TASK INSTRUCTIONS →
From the line containing "JACK WILLIS Womens" to the last line of the data, both included, transcribe each line exactly, leaving out pictures and adding nothing.

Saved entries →
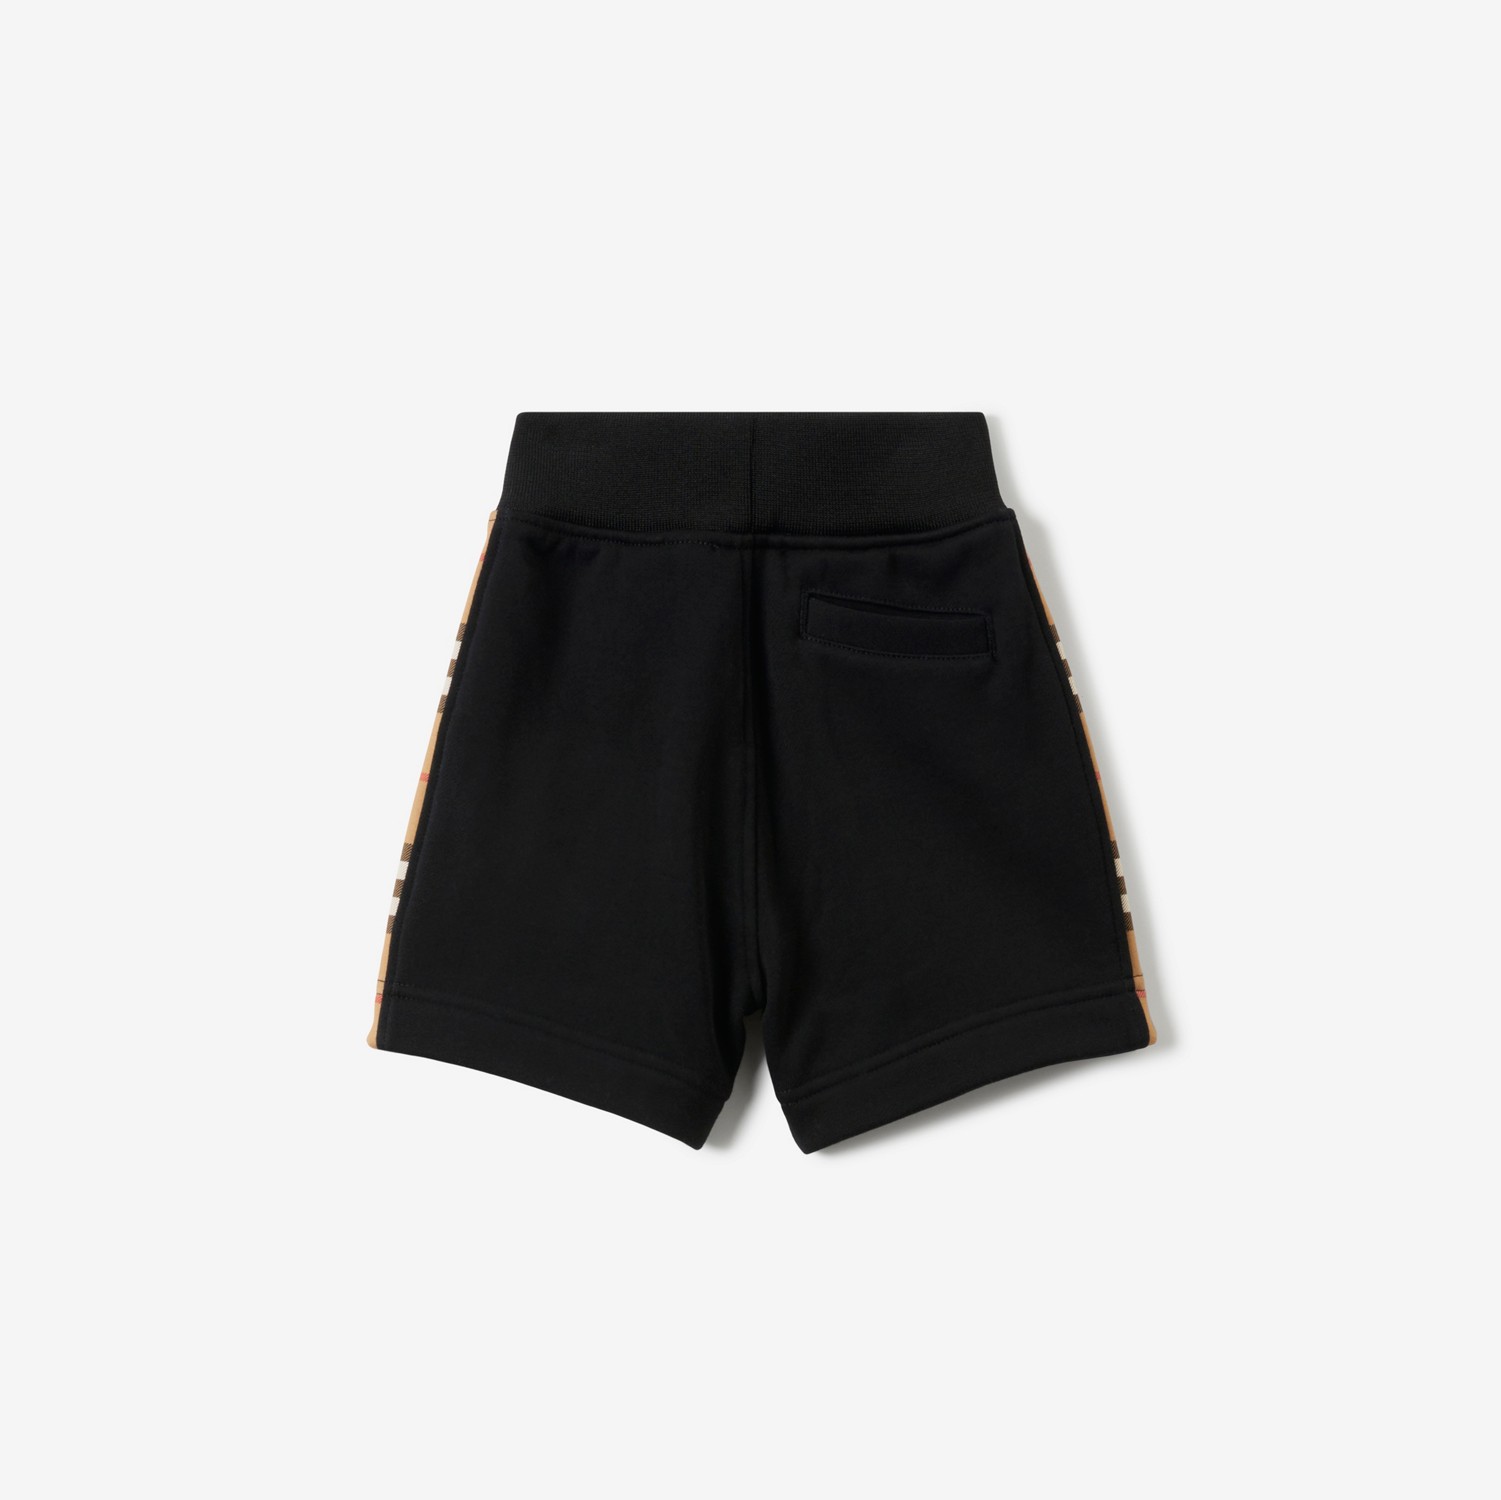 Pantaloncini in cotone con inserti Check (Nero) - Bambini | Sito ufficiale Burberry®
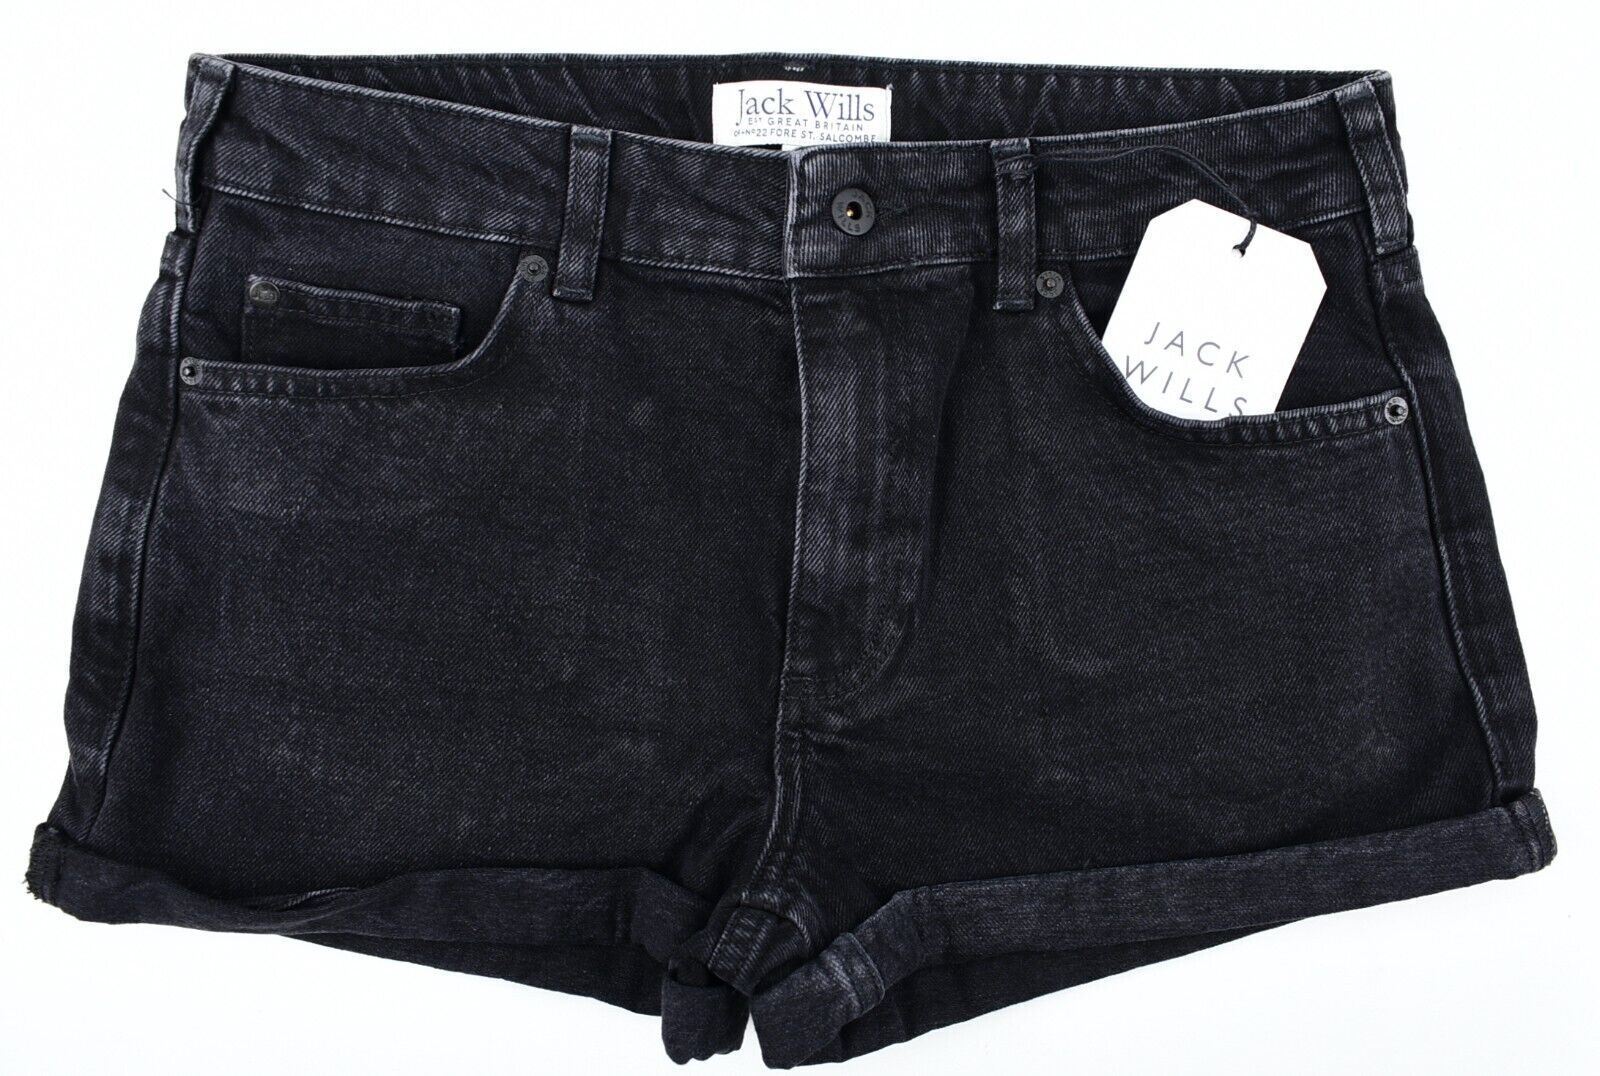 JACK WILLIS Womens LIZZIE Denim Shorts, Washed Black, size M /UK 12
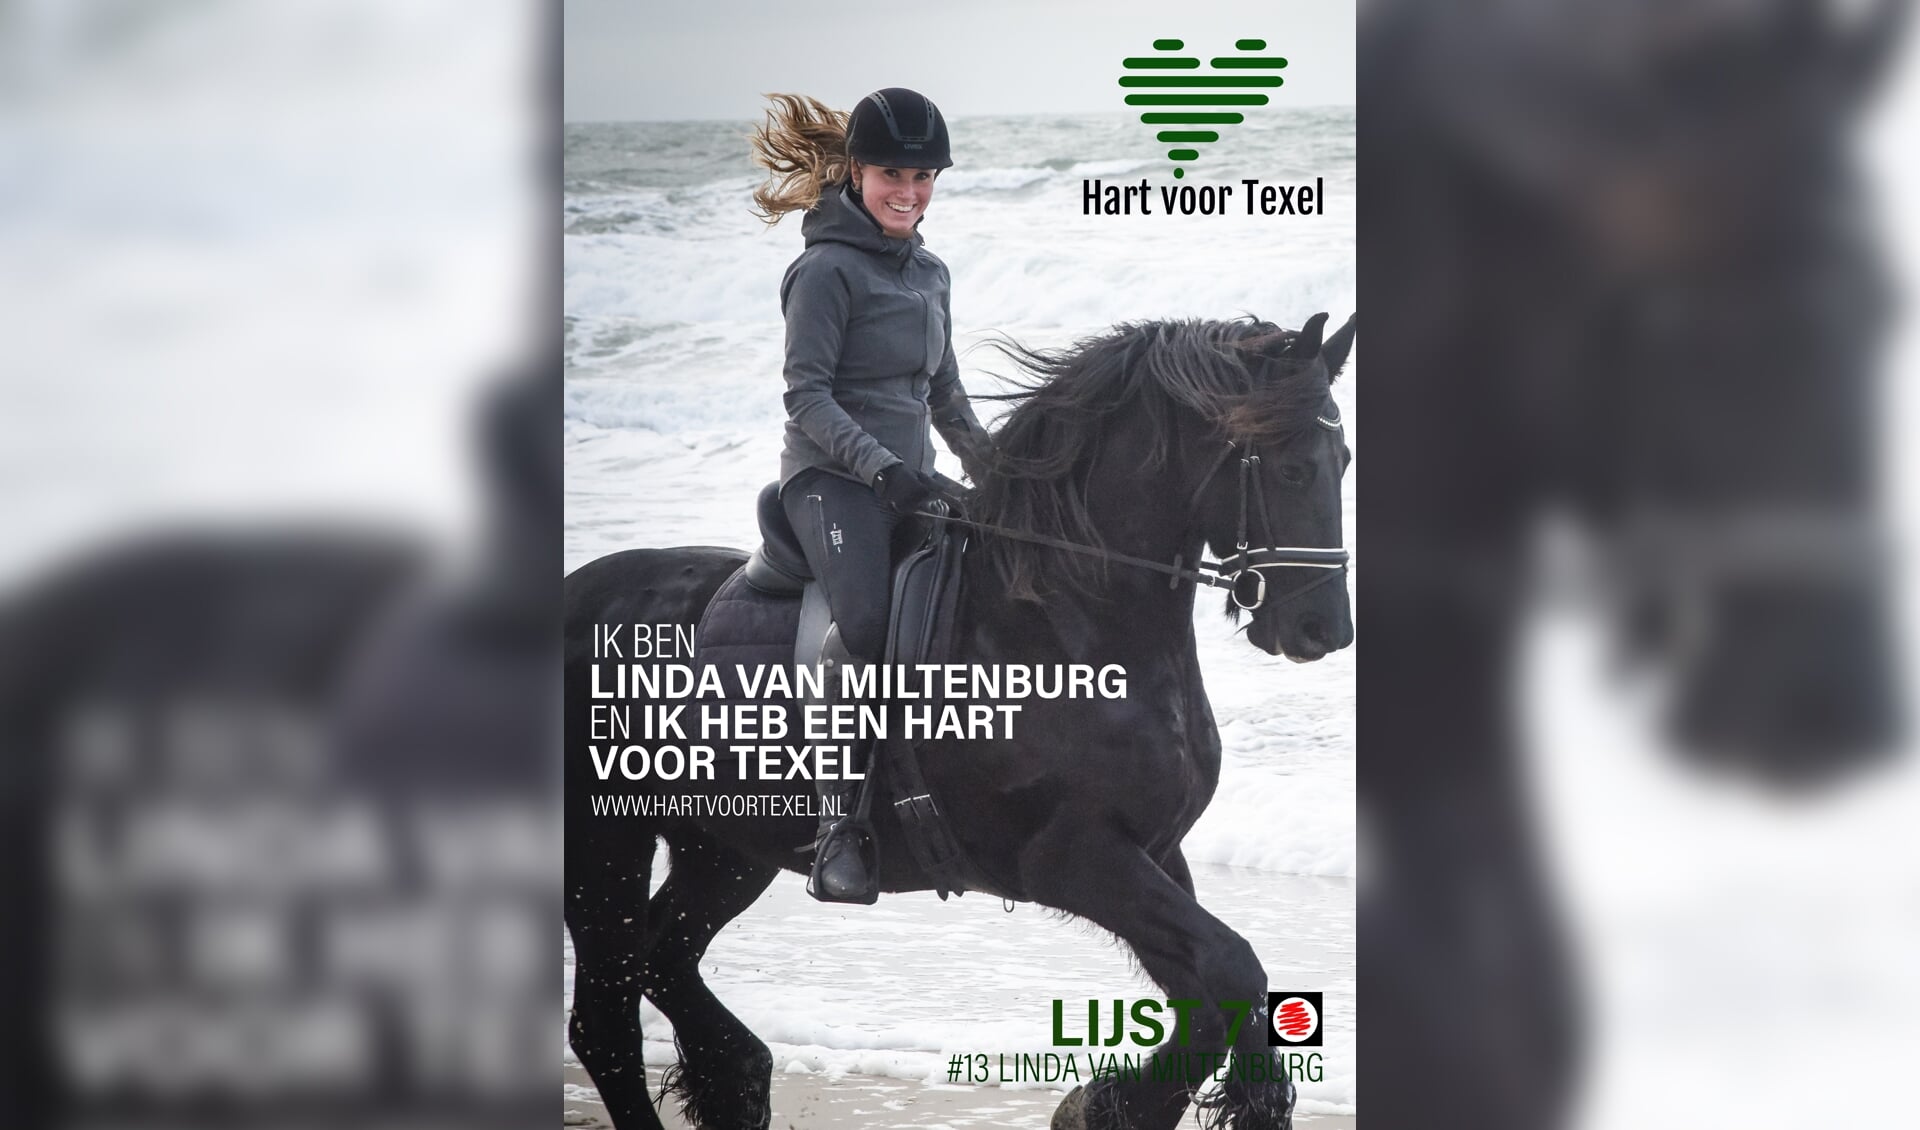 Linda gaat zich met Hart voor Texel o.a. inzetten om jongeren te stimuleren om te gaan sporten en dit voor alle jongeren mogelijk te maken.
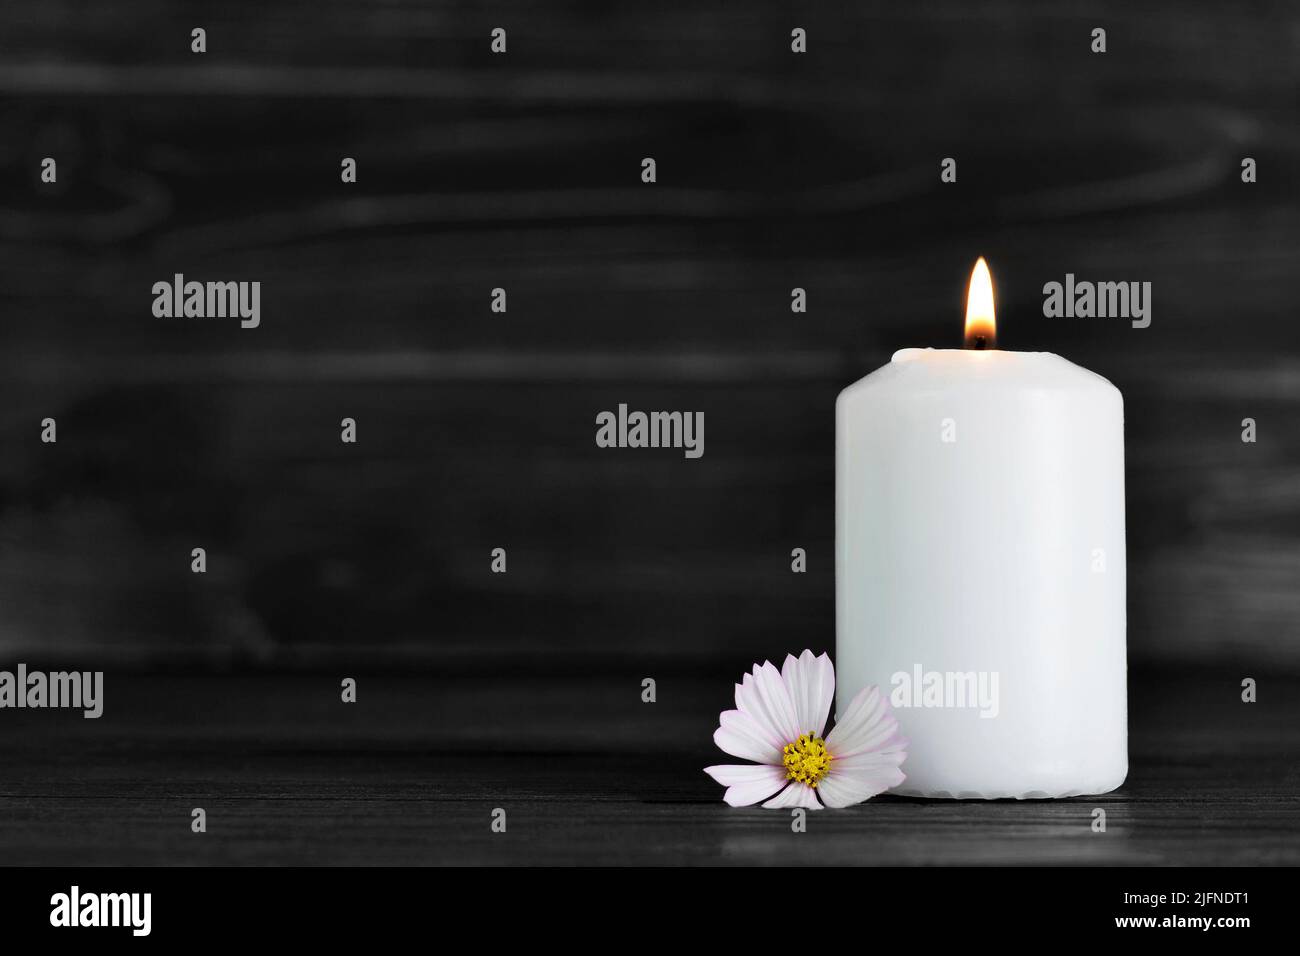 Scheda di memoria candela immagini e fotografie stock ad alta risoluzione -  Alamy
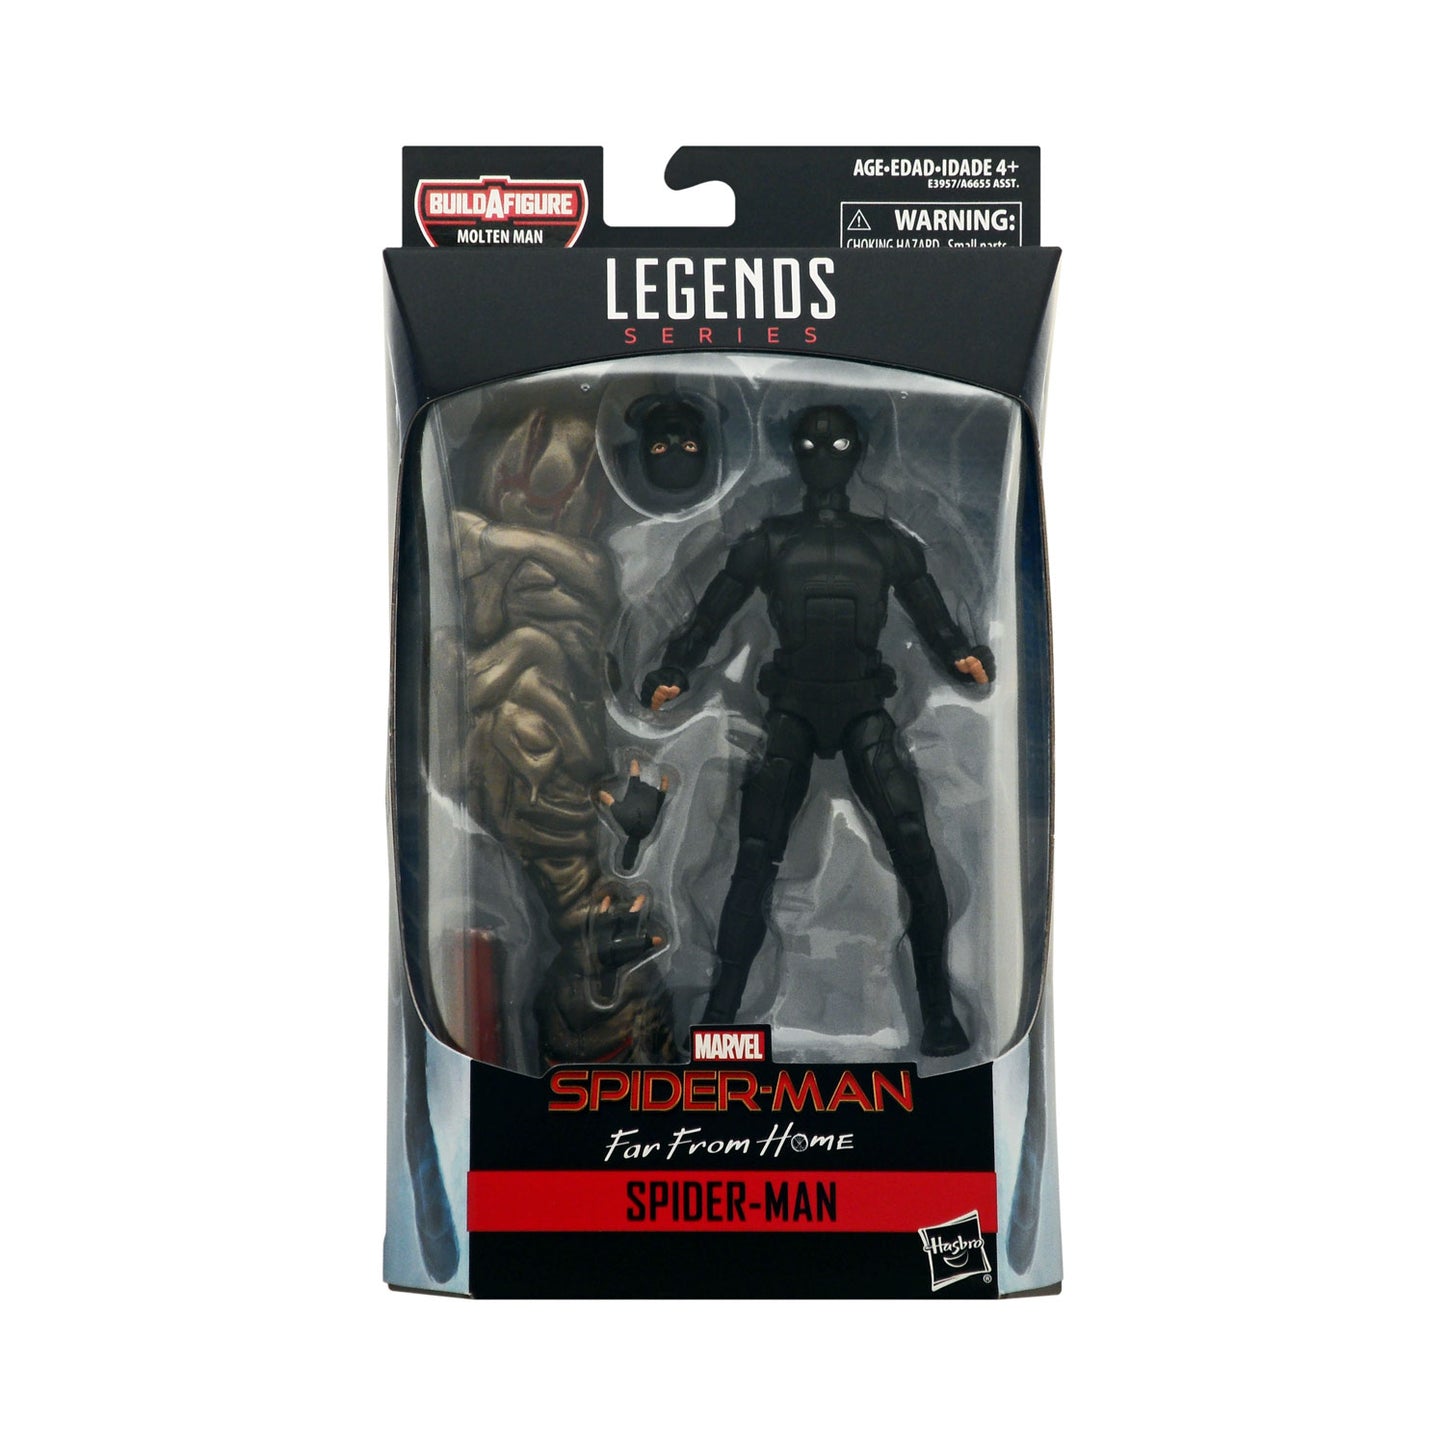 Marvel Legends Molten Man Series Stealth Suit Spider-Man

RESPONSE AREA →
 JACK WILLIS Womens LIZZIE Denim Shorts, Washed Black, size M /UK 12
 Linda gaat zich met Hart voor Texel o.a. inzetten om jongeren te stimuleren om te gaan sporten en dit voor alle jongeren mogelijk te maken.
 Scheda di memoria candela immagini e fotografie stock ad alta risoluzione -  Alamy
 Marvel Legends Molten Man Series Stealth Suit Spider-Man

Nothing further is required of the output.